Science Brain Drain – How some European countries attract the top scientific talent
Britain could miss out to other EU countries in attracting scientists from the EU accession countries unless it adopts more proactive policies, according to new research at the University of Leeds. The project, which is funded by the Economic and Social Research Council, suggests that while Germany and France are actively recruiting undergraduate and post-graduate science students from Poland and other former eastern bloc countries, Britain has a tendency to rest on its laurels as the major magnet for top scientific brains.
First indications suggest that Germany and Austria are now the top choice for many of the brightest foreign students, who are being offered incentives such as university courses in English and favourable funding schemes.
The new study is an extension of the MOBEX project, which examines the factors that influence scientists to make international career moves. This research reveals that the UK, which relies on scientists from other countries because of skills shortages, is seen as a highly desirable place to work. This is chiefly because career advancement in the science field is directly related to excellence. “This is not always the case in other countries, where under-funding, patronage and protectionism can determine who gets the best jobs,” says Professor Louise Ackers, who led the research.
The MOBEX study, which was part of the ESRC Science in Society Programme, took an in-depth look at the science jobs context in Italy and the UK. “The brain drain of scientists from Italy is now on the national political agenda. It is a matter of concern that scientists need to leave Italy to advance their careers but they also face massive reintegration problems when they return,” Louise Ackers explains. Her Italian colleague, Sonia Morano-Foadi, attributes this paradox partly to the influence of the so-called barone, the professors who are allegedly the deal-makers in the university jobs market, often requiring scientists to work for them for up to two years without pay in order to progress. This may also explain why Italy attracts few international scientists, the researchers claim.
The research encountered profound differences in the academic environment between one EU country and another. In Greece and eastern Europe, for instance, the team came across flying professors who had several jobs, while in France, where the national centres of excellence attract many post-graduates, it is reputedly difficult for scientists to break into the protected permanent jobs market.
Louise Ackers warns that the EU policy of supporting centres of excellence to foster skills development and knowledge-transfer, could be at odds with the EU goal of creating balanced growth across Europe. “The ‘circulation’ of scientific talent does not in itself constitute ‘brain drain,’” she says. “The problems arise when rates of return are very low and when the country or region fails to attract scientific talent from outside. This could reduce the ability of weaker regions to regenerate.”

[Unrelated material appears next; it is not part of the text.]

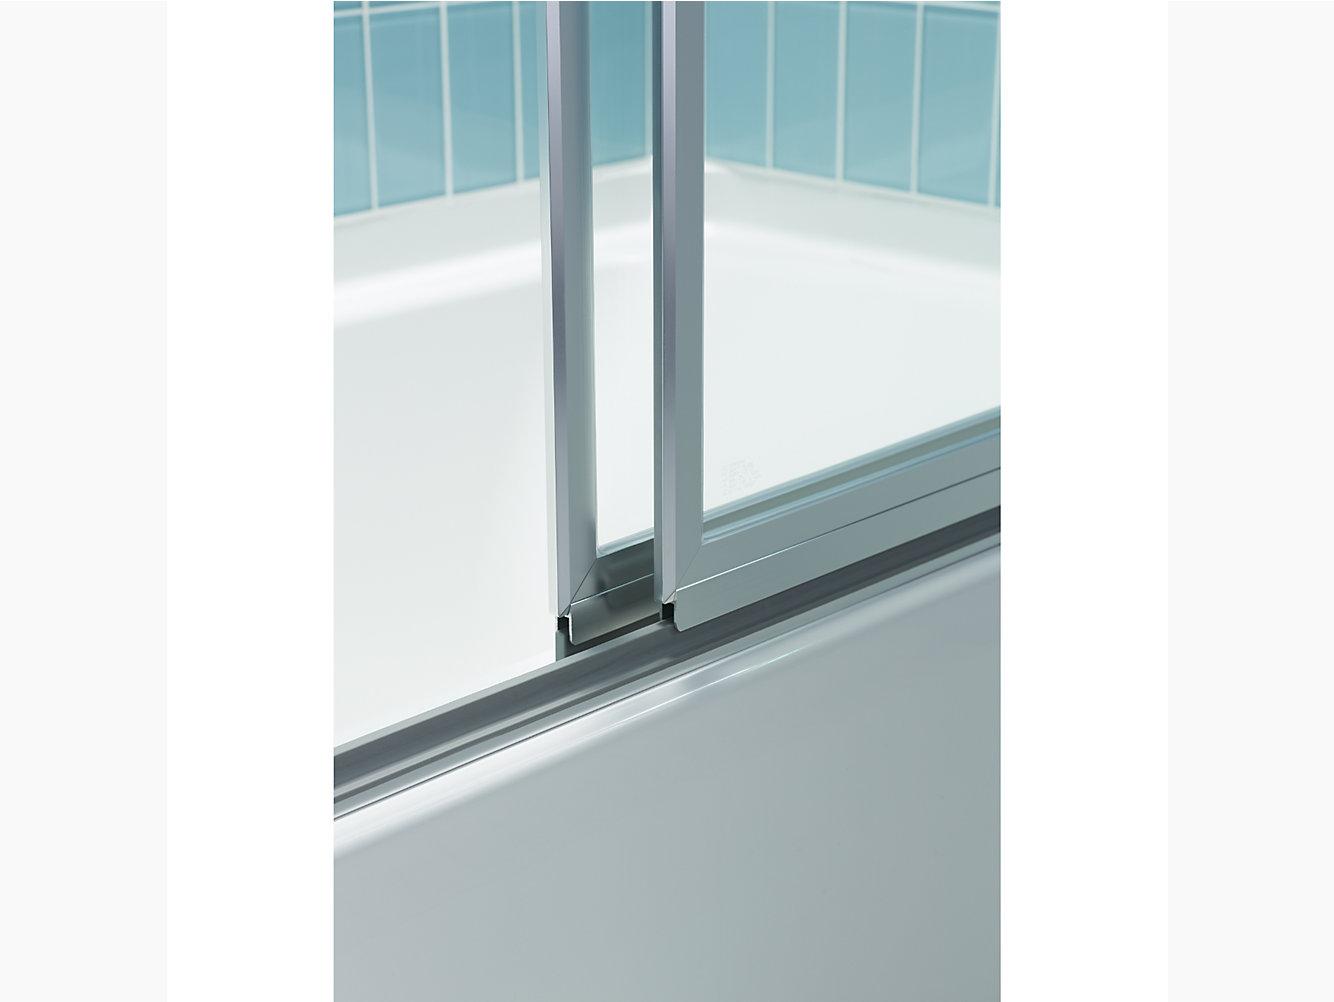 Prevail Framed Sliding Shower Door 43-7/8\
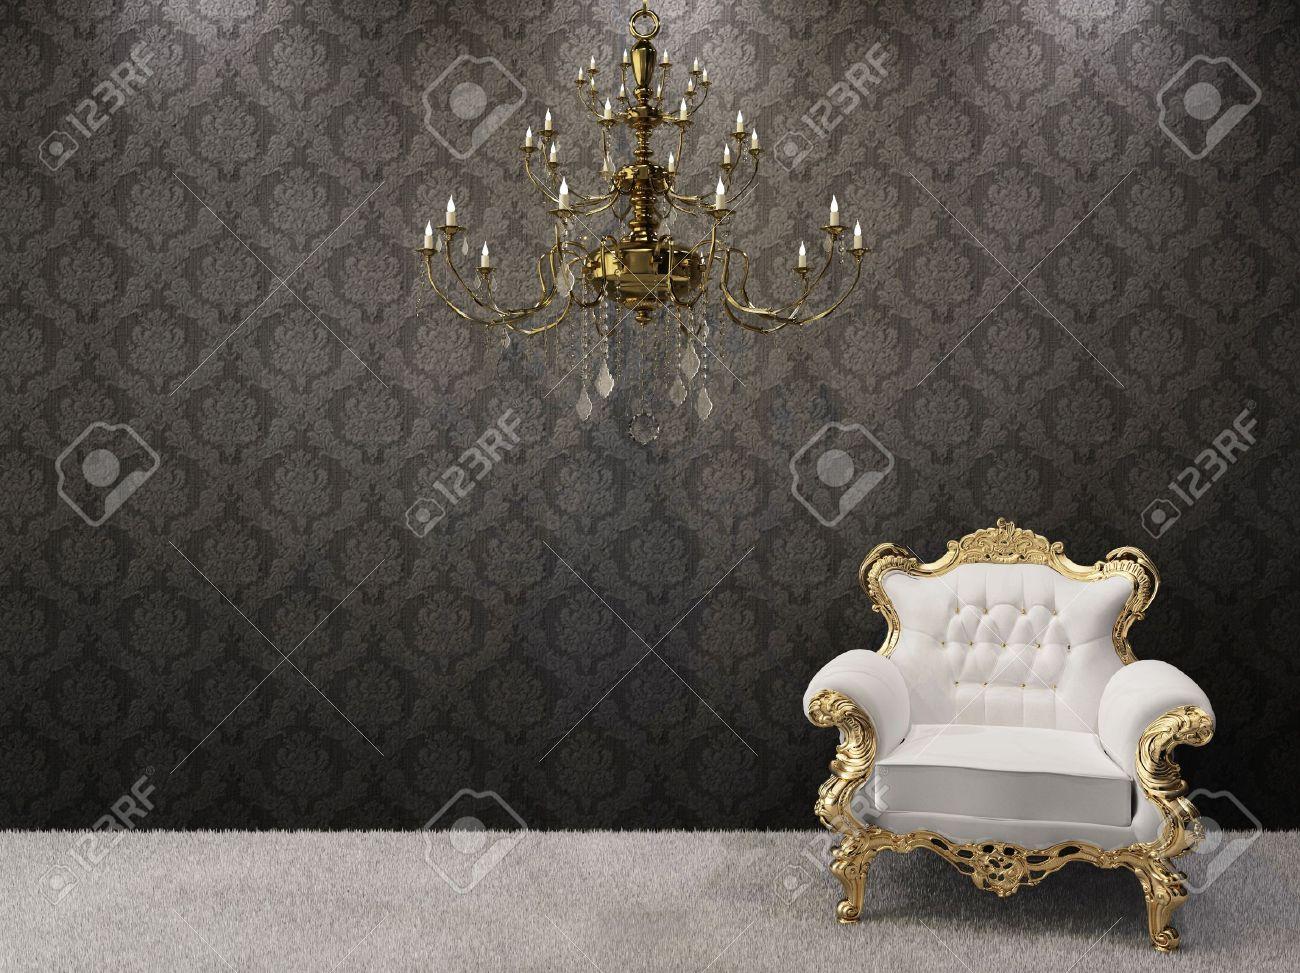 Royal Interno. Lampadario Dorato Con Lussuosa Poltrona Su Sfondo ...

The Leeds research also highlights the declining mobility of women scientists as they get older. While women are more likely than men to study abroad as undergraduates through the ERASMUS programme, this mobility declines at the post-graduate level, particularly in dual science career families where it is not uncommon for woman scientists to defer their careers in order to move with their partner. “The chance of both people finding a job is greater in strong science clusters such as Cambridge, Oxford or London,” says Louise Ackers, “but in other regions there are fewer such opportunities. Women often move out of academic research into industrial or administrative jobs to achieve stability in their lives, particularly where there are children.”